As an in-house lawyer, you need to listen very carefully to understand what the business really wants to achieve. Don’t take it for granted that you know the answer to that question. Ask, and ask again if you are still not sure, and then frame your legal advice around the answer to that question. Say it out loud, so people know that you know.

Other times, the business might be saying that you are not offering ideas or options for it to consider, only lists of rules and a bunch of risk warnings. Ideally, commercial legal advice should be “legal by design” i.e., framed as a solution to a business problem that appropriately manages the legal risks involved. This doesn’t mean taking the ultimate business decision, but it should involve an element of thinking through how your advice will work on the ground, in your organisation. 

Even if your ideas are not the best ones, or the ones finally taken up by the business, there is a benefit in showing you are willing to put your thinking cap on. It shows you are part of the team. Even an idea that isn’t taken up initially might help the business open the door to another option. 

Other times, the business might be saying “we don’t really know you very well, and we don’t quite trust that you understand us yet”. 
One of the best solutions for that is time spent with people.

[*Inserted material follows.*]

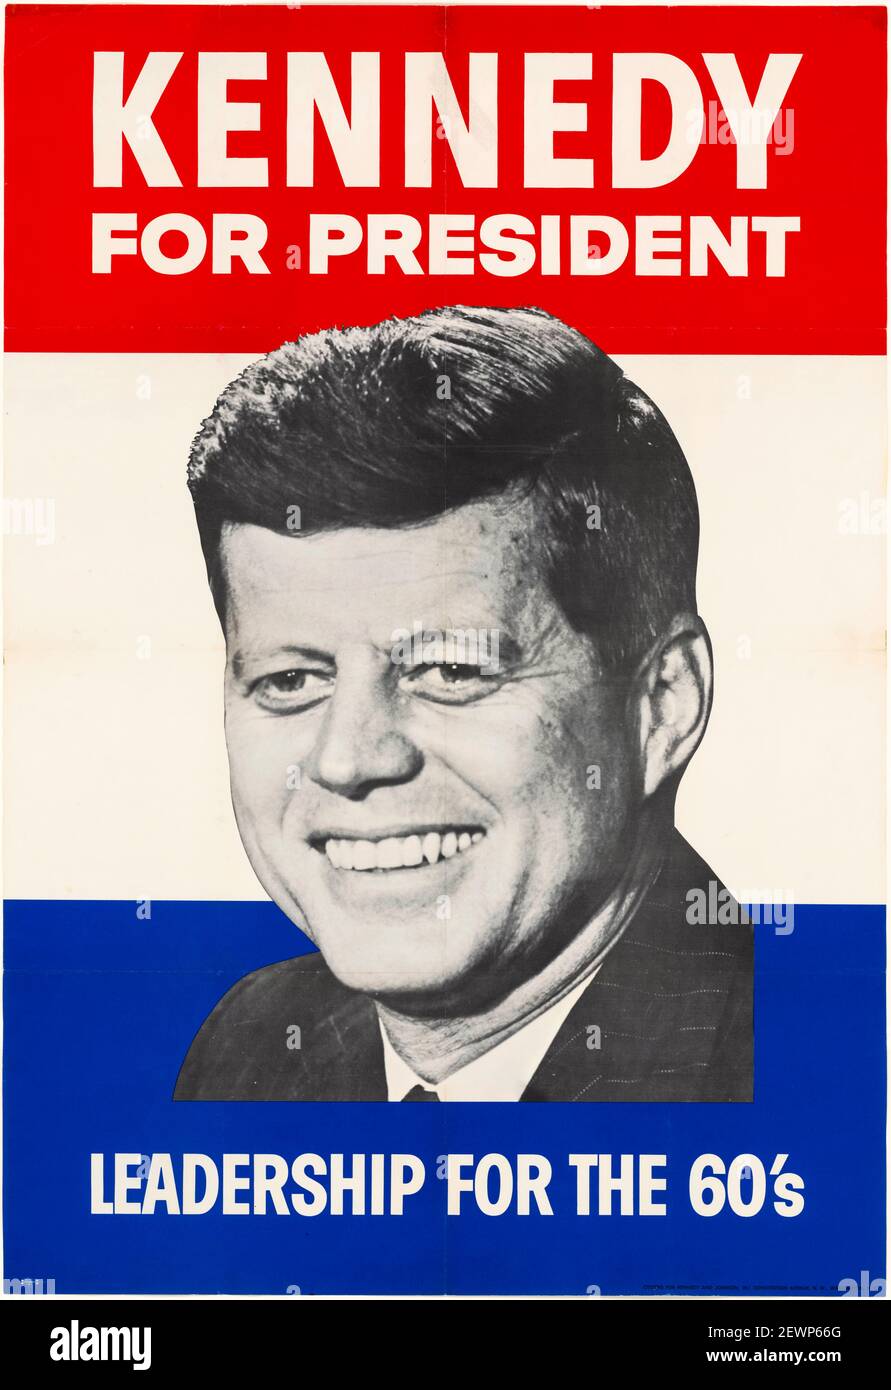 John F Kennedy (JFK), campagne présidentielle avec portrait, Kennedy pour président, affiche vers 1960 Banque D'Images

If you are in an open plan office, sit next to non-lawyers, show them you are a normal person not some alien from head office who swoops in at the last minute, drops a bag of problems on people, and then wings it away until the next time a “sign-off” or approval is needed from legal. Occasionally, make a joke (bad ones preferably). Go on that charity bike ride or walk with the business. Donate when colleagues raise money for good causes. Join a diversity network. Get out of your legal box. 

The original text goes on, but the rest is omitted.